═════ DATA UNDER STUDY ═════

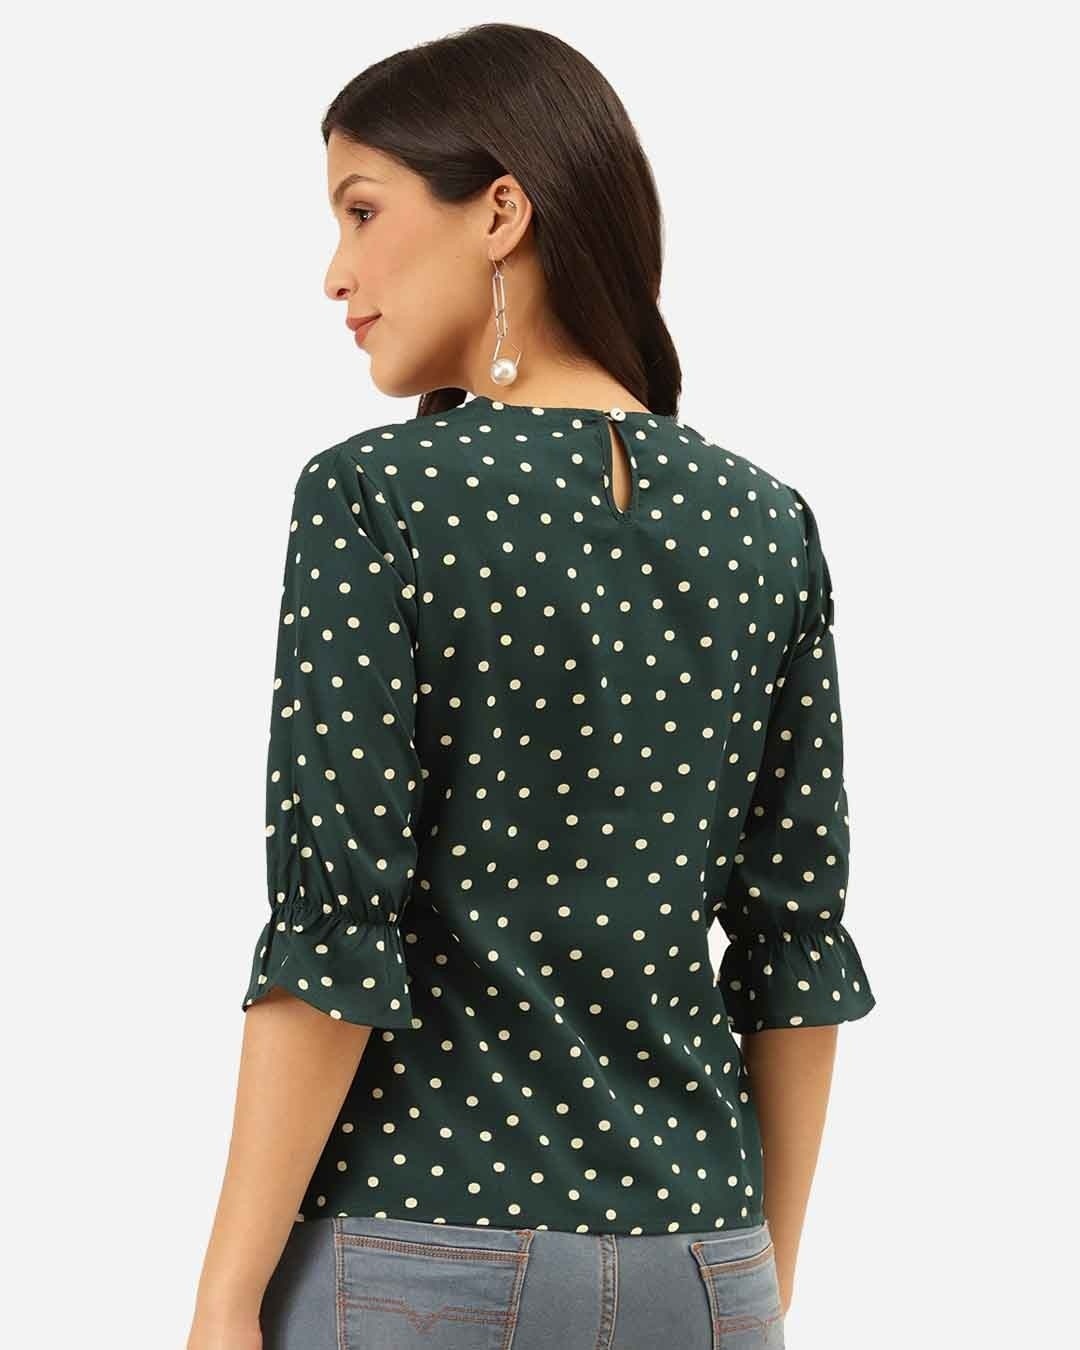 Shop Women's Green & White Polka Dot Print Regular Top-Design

═════
═════ DATA UNDER STUDY ═════

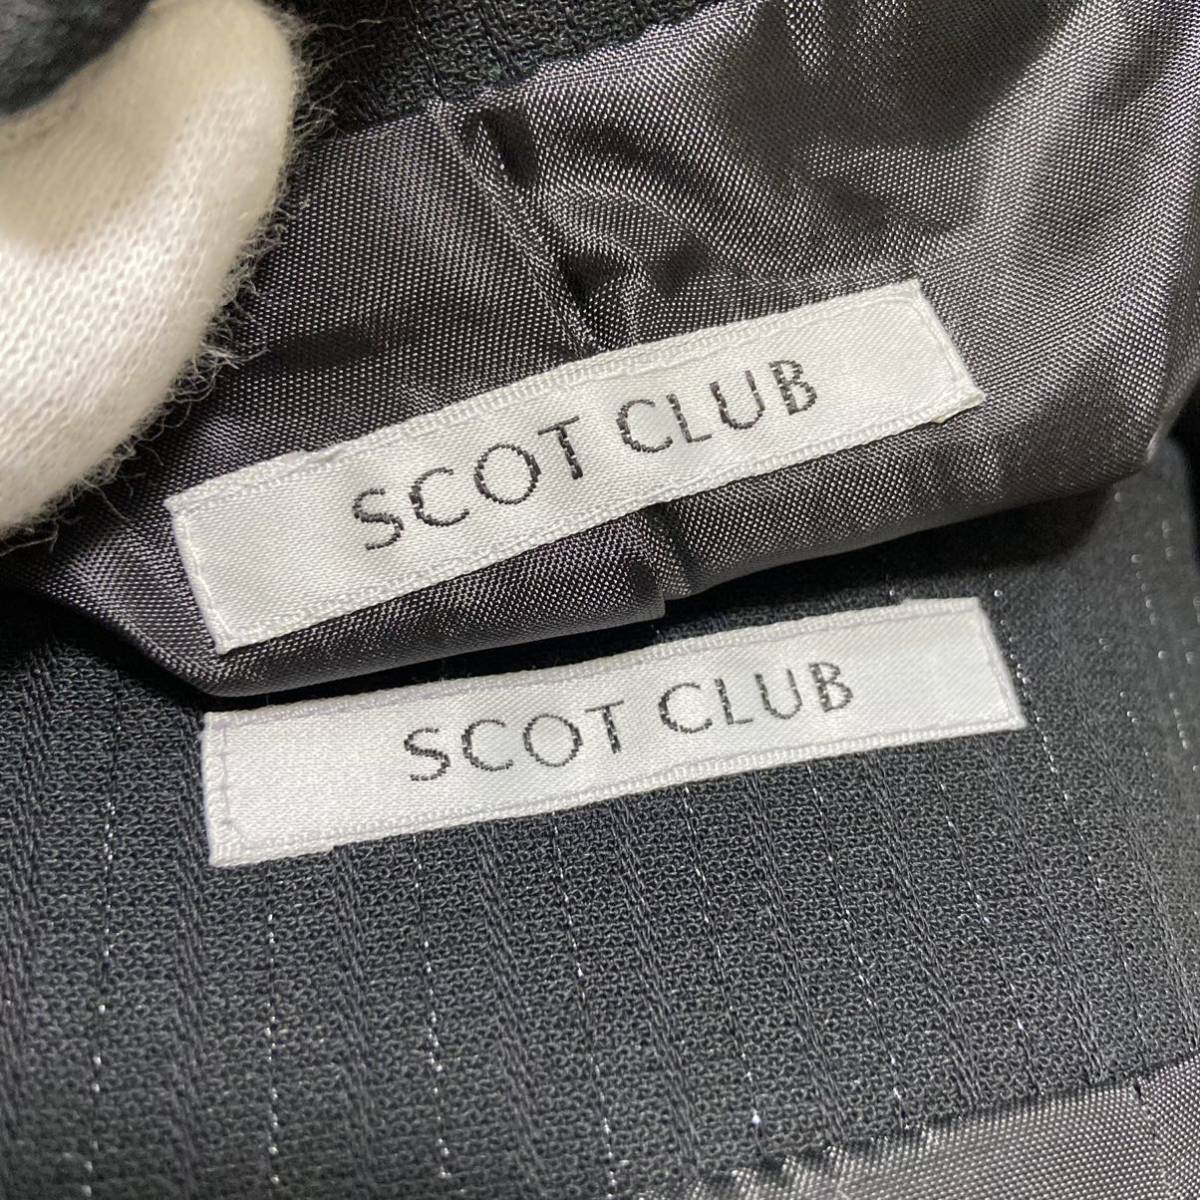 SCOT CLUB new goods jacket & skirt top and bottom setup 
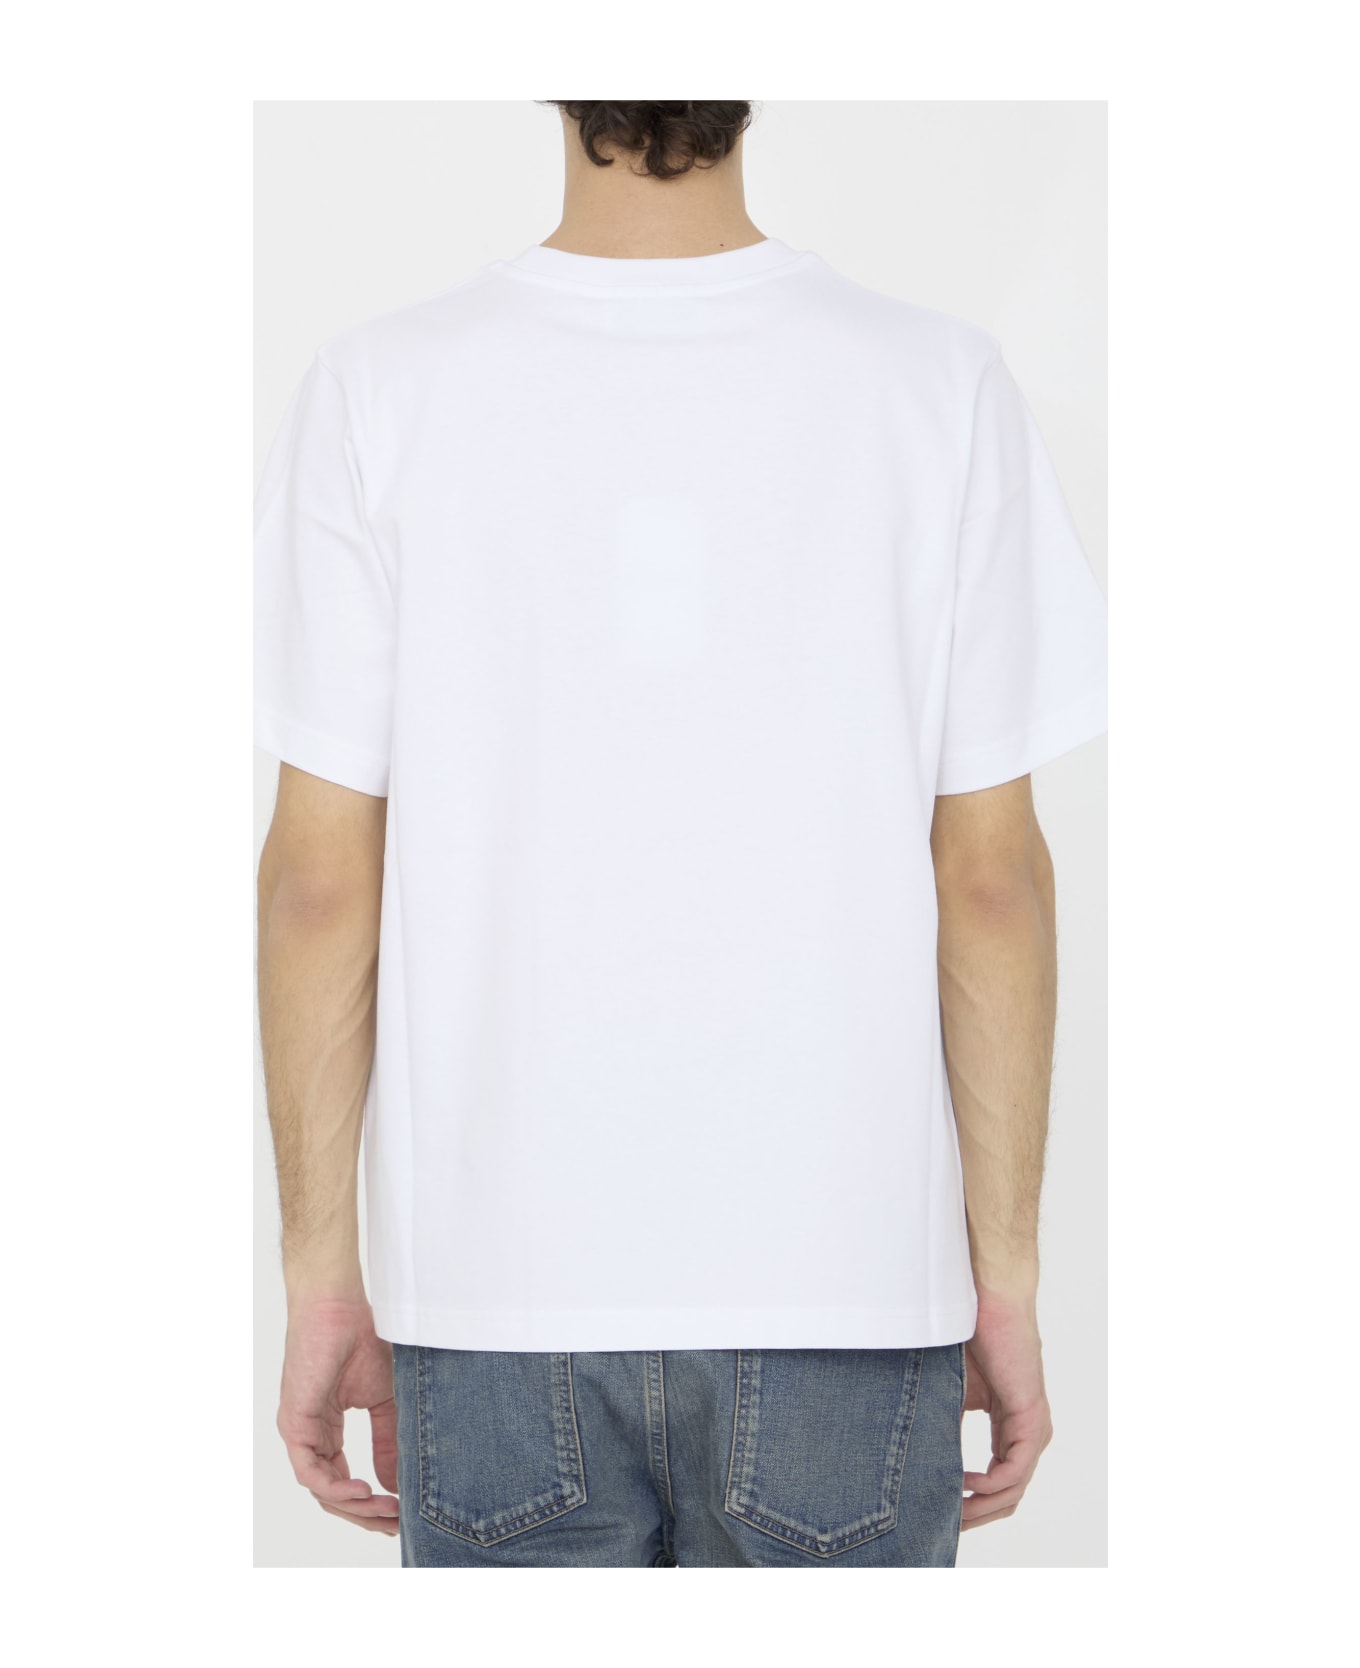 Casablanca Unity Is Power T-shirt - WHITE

═════

**WORK INSTRUCTION**
Taking the records above, print only and exactly the lines from the line with "SCOT CLUB new" to the line with "Casablanca Unity Is Power T-shirt - WHITE", both kept, and exclude pictures.

**OUTPUT FOR THIS TASK**
 SCOT CLUB new goods jacket & skirt top and bottom setup 
 Casablanca Unity Is Power T-shirt - WHITE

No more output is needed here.